12 Ocak 2008 Cumartesi

Sert öyküler sıradağlarından.... I

bir öykünün dipnotları

“tek bir fotoğraf” diyordu Borges. Kafasındaki tüm ikircimleri alıp götürmüş ve romanının son paragrafına varabilmesini sağlamış olan o tek fotoğrafı anlatırken. Bilirsin, hani o basamaklarında atların, eşeklerin, tavukların eşelendiği, eskiden görkemli olduğu anlaşılan saray eskisinin (belki gerçekten öyledir) önündeki basamaklardan alınıp akkağıt üzerine düşülmüş bir enstantanenin vurgun yemiş halidir o fotoğraf. Ancak bundan sonradır ki bir yerli edebiyatçının penceresinden bahçesinde gördüğü tavukların ona “ilham” vermesini ve bunun anlatışının bir edebiyat türü olarak minimal sevdalanmalarla yüceltilmesini anlayabilmiştim.

- “Kediler şeker tadını ayrıt edemez” bilir misin? dedi, edebiyatçının fotoğrafla ilişkisi üzerinde yaptığı temrini özetlediğini düşünerek, biraz ötesinde uzun bacaklarını toparlayıp garip bir şekil verdiği dizlerinin üstündeki bilgisayarın çakar yalazasında ışıldayan karakaşlı kara gözlü kıza.

- “Sineklerin de beş tane gözü vardır ama hepsi de pisliklere bakar...” yaşlarının arasında değil tümüyle uzlaşmaz karakterlerinin aralarındaki inatlaşmanın deli tarafıydı bu başkasına anlamsız gelecek diyaloglar.

Yaşlı olan kıvrılıp uzandı yeniden kendi içine doğru. Ne bu kentte ne işi olduğunu biliyordu ne de bu kentte ne işi olmadığını sıraya koyarak kendini bir çırpıda harcayabiliyordu. “Tam bir yürek deliliği” işte diye düşünüyordu durmadan.... Ve barfiksin ortasında sallanıp kalan jimnastikçiden bozma cambazın ellerini açıp, çırpınıp bütün maskelerini takındığı o en vahim andaki kararlı- belirsizlik durumuna benzetti kendini (ya da içinden bir kanıksanmış, tembel bir lahavle çekerek) ve beş gözü olduğu halde sadece hep çöplükleri gördüğü suçlamasını neden hak ettiğini eğer doğruysa neden böyle bir yapısı olduğunu düşündü.

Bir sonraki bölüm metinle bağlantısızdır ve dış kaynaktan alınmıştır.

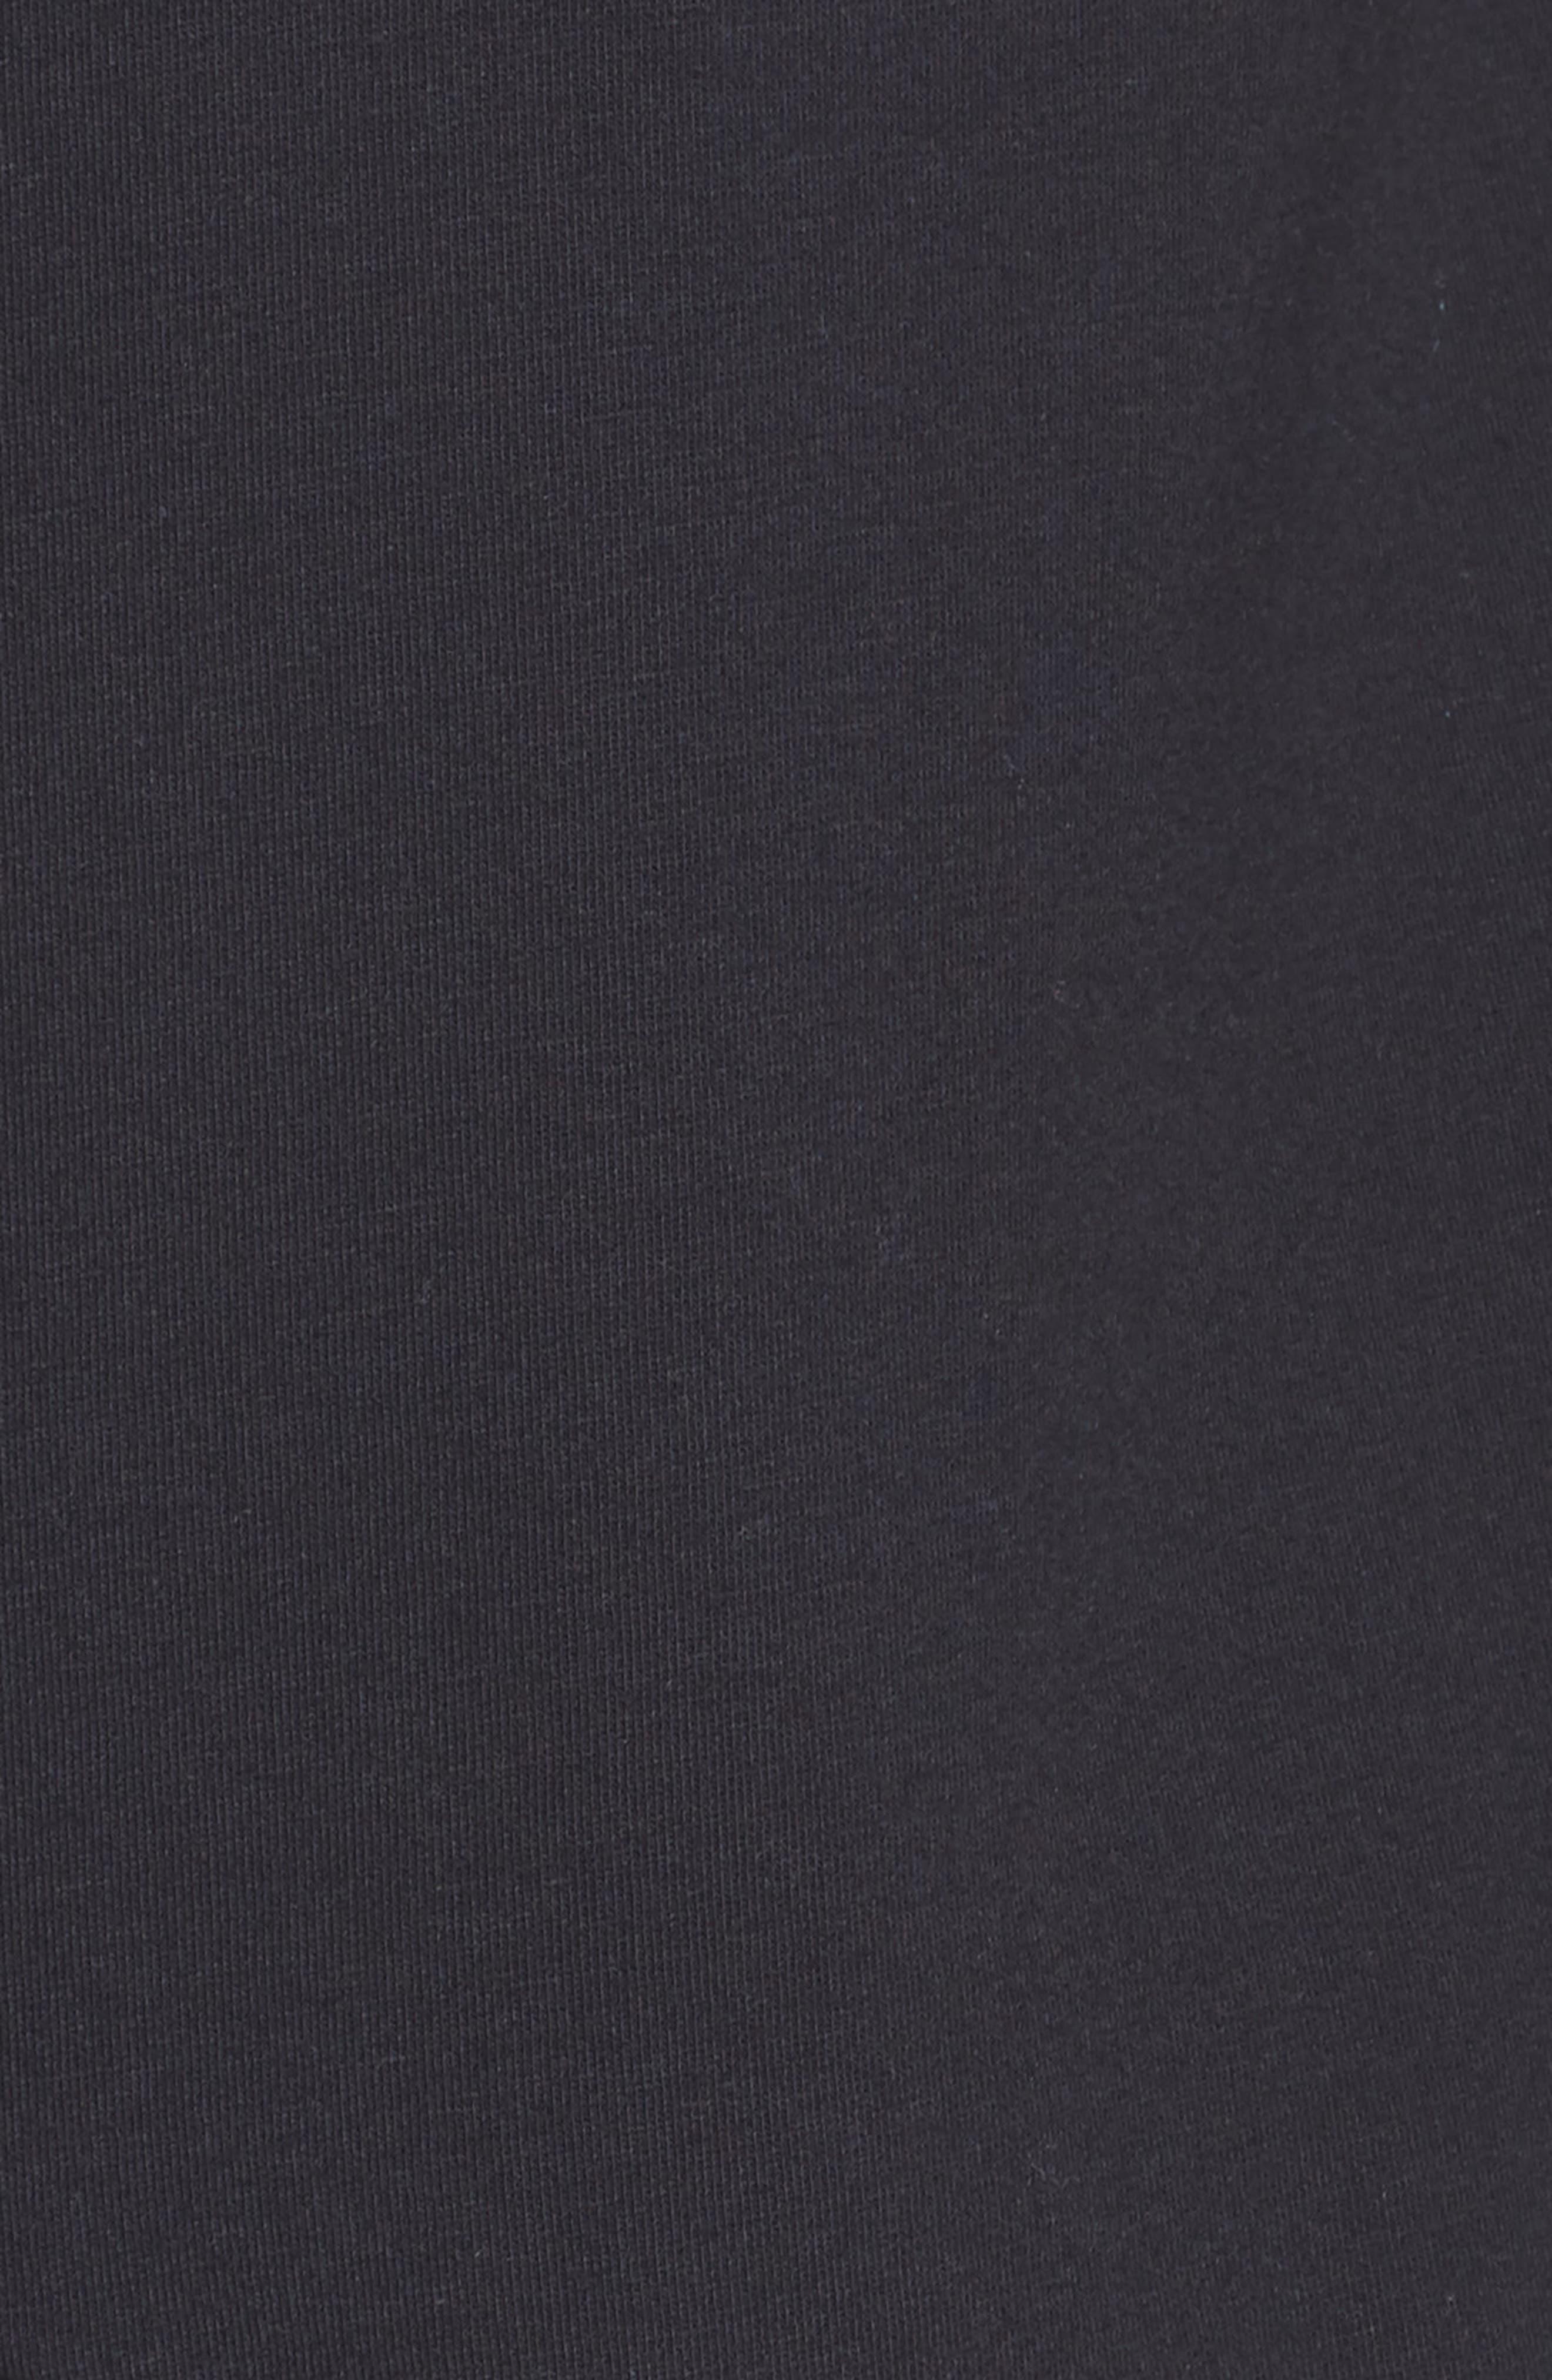 ZELLA, Ria Hooded Cardigan, Alternate thumbnail 6, color, BLACK FLEECE

- “Bak burada bile belirleyici olan ‘eğer’ sözcüğü oluyor”

- “olmaz”...çığlık çığlığa bağırdı yapmacık bir sesle ve dehşete kapıldı Oysa bağırtı kentin orta yerindeki dikilitaşa çarpıp geri dönmüş, kaldıkları otel odasının camlarından içeri giremeyip yansımış ve sonsuzluğa asılmıştı diğer tüm çığlıkları gibi. Genç ses yaşlı ses karıştı birbirine ve asılıp kaldı kentin sıcak terletici gökyüzüne. “Nasıl, neden?” diye yazıklanırken kaçış planlarının gene tutmadığına ve prangalandığını anladı.

- -“Çingene falcı kaderimi bağlamış benim” diye mırıldandı alaylcı alaycı yaşlının yüzüne bakarak.

Yaşlı, sigaranın sararttığı bıyığını çekiştirip; “Hiç olabilmek çok zaman alan bir iştir. En zor işlerin başında gelir. “Hiç” liği arayan tanrıseverler bu iş adına tarikatlar kurup binlerce kişiye hükmetmişlerdir. Ama “ben bir Hiçim” demekle “Hiç” olunmaz. Herkes seferberlik ilan ederek kişinin bir hiç olmadığını kanıtlayan akılcı ya da akıldışı, ruhani veya cismani kanıtlar sıralayıp durur. Yaşlı, onlara seslenmenin boşuna olduğunu anlamıştı artık. Onlar aşkı cennetten kovduran yılanlardı ve işitme yetenekleri olmadığından kendisini duymazlardı. ‘Hiç’ olduğunu kabul ederlerse kendileri de ‘Hiç’ olacaklarından korkuyorlardı. Bilgisayan alacalı gözlü genç Borges’nin ilham aldığı fotoğrafı yaşlının cüzdanından çıkartıp yeniden ve dikkatlice baktı, yılanlar yoktu...

“Güzel Hava”... boğuştuğu kentin adı buydu... Bu boğucu ve yapış yapış havanın nesi güzel diye eseflenmek istedi, terini silmekle yetindi. Yaşlının heryerde sağır yılanlar gördüğünü kabullenmişti artık, esnedi sonra devam ederim diyerek bilgisayarın kapatma düğmesine bastı.